The shapes moved closer, revealing glittering 
scythes. 
“DAAANNNTEEE!” 
Now Tony could make out skull-like faces. 
“DAAANNNTEEE!” 
Tony gripped his guns tighter and fired off a fresh barrage. He knew the clips would soon be empty, but at least he was making some progress in thinning out the advancing forms. Tony carefully controlled each weapon to prevent them from recoiling upward after each round. The alcohol might not have been entirely stamped out of his system, but he was far from truly impaired. 
But Tony had forgotten one thing. One tiny yet crucial detail. He was still using bootlegged guns. 
Kaching! 
One of his pistols jammed. The bullets in the Government locked up, rendering the weapon useless. The Beretta was still spitting out violence, but shoddy materials meant it was on the verge of crapping out. 
Tony hurled both guns in the direction of the advancing shadows and grabbed his massive sword. “Come on! Who wants to get cut in half?” 
The weapon felt heavier than usual. Tony wrote it off to the vodka, but he had the sinking suspicion it was something else. 
He hacked and slashed his way through the darkness, sparks flying where sword met scythe. The otherworldly forms were unable to withstand his frontal assault. 
“I don't know what you want, but if you've got a problem with me, stop sending your minions and deal with me directly!” 
Each swing of the sword began generation unsettling visions in the back of Tony's mind – a woman sprawled on the ground and covered in blood – a small child clinging to her body, crying. “Mommy.” 
“Mommy!” 
Tony renewed his attack, enraged. He was no longer a helpless child. He had the power to kill; he had somehow lost the ability to cry. 
He carved through the shadowy crowd. Eventually, the last of his foes fell. Tony felt his rage smolder deep inside. He held his sword out, scanning the alley. But it was as empty as when he had entered it, save for the scattered ashes of his mysteriously vanquished 
opponents. 
The air hung heavy around him. 
“Are you there?” Tony swept his gaze around the 
alley. “Come out!” 
Suddenly, a voice rang out. “TOOONNNYYY!” 
This cry was so different from the one that kicked 
off the melee. 
A smile broke across Tony's face. “This is the hundredth time, you know.” 
A single man stood in front of him, legs apart. He wore a familiar red coat, which was ragged with holes. The man's body was coated with blood. His head sat uneasily atop a severed neck, held in place by a narrow strip of skin and muscle. It was a strange shadow of a man... a man Tony knew well. 
“Does even the devil hate me so much that he sent you to rag on me, Denvers?” 
“TOOONNNYYY!” The thing that had once been Denvers groaned hoarsely. 

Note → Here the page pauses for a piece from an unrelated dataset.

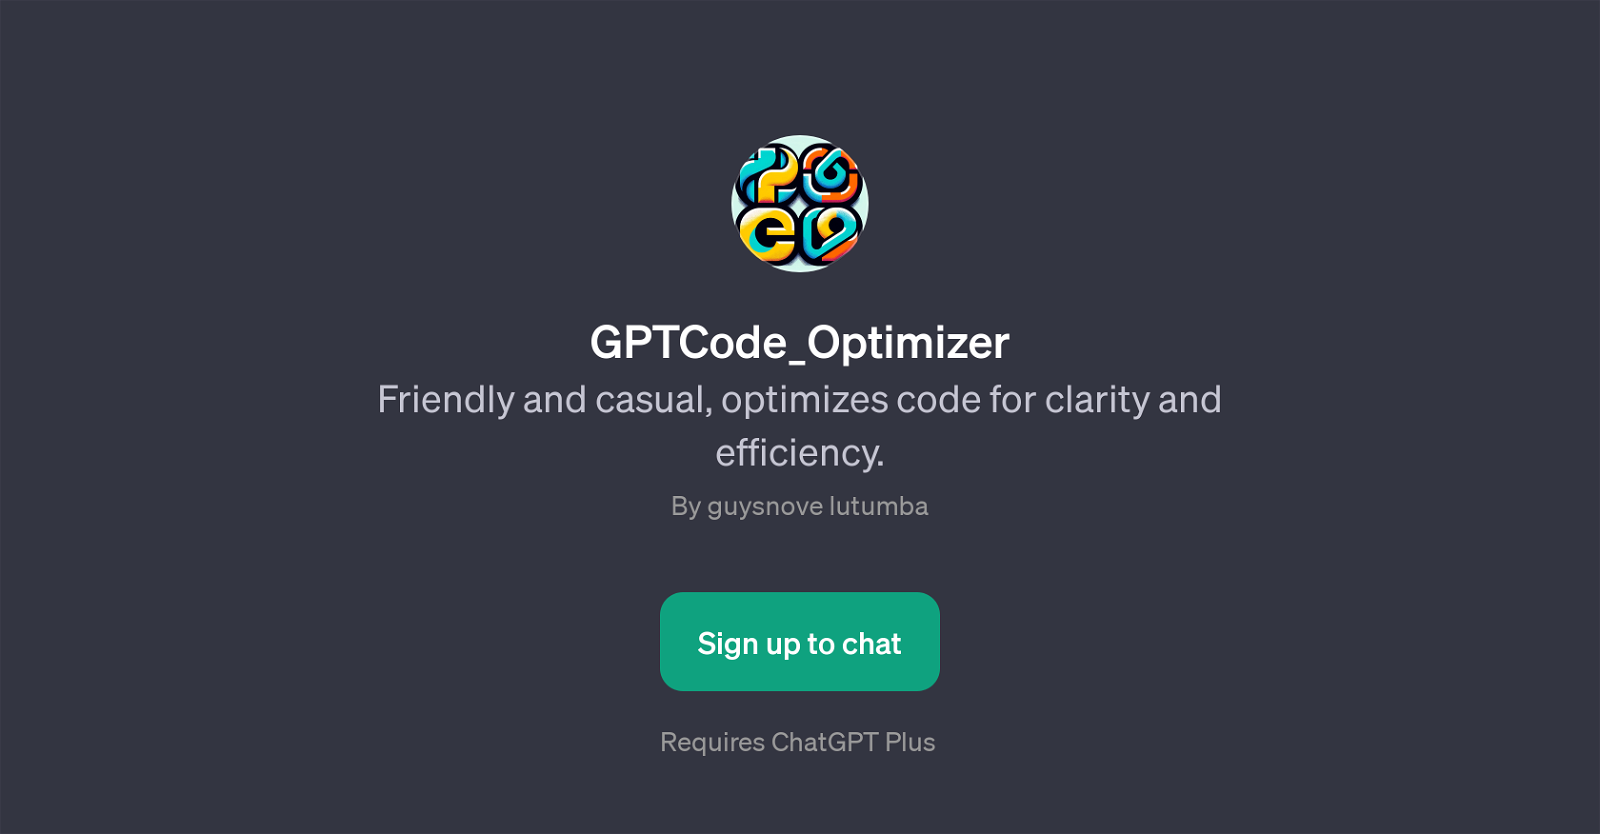 GPTCode_Optimizer website

Sympathy flickered across Tony's eyes. He rarely showed emotion for the dead, but Denvers had been a colleague in an industry without many opportunities for relationships. The shameful sight in front of him was too horrible even for someone who had tried to kill Tony ninety-nine times. 
But Tony knew that whatever faced him now wasn't really Denvers. He resorted to sarcasm to dull his emotions. “Your face is an improvement, but still painful to look at. Come here; I'll fix it up for you!” 
He readied his sword. 
The thing that had been Denvers raised its arms and launched itself at Tony. The silver talismans dotting the red coat jangled. 
“My favorite coat doesn't suit you.” Tony swirled his sword twice, remaining stationary but for a flick of a wrist. Both of Denvers' arms plopped to the ground. 
They wriggled like snakes. 
“TOOONNNYYY!” Denvers bared the remains of his teeth and sprung forward. His coattails streamed 
behind him, jewelry clanking. 
Tony calmly decapitated him. 
“My hundredth victory,” he muttered. “Farewell.” 
The headless body stumbled forward through sheer momentum and finally collapsed on the ground. 
The atmosphere snapped back to normality as surely as if someone had flicked a switch. A gust of wind blew the last of the clouds away from the moon, driving the shadows further down the alley. Denvers' transformed corpse was all that remained of the uncanny episode. 
“You can keep the coat.” Tony wiped the blood from his sword and stalked down the alley. Before long, the adrenaline wore off. 
Tony headed home with unsteady steps.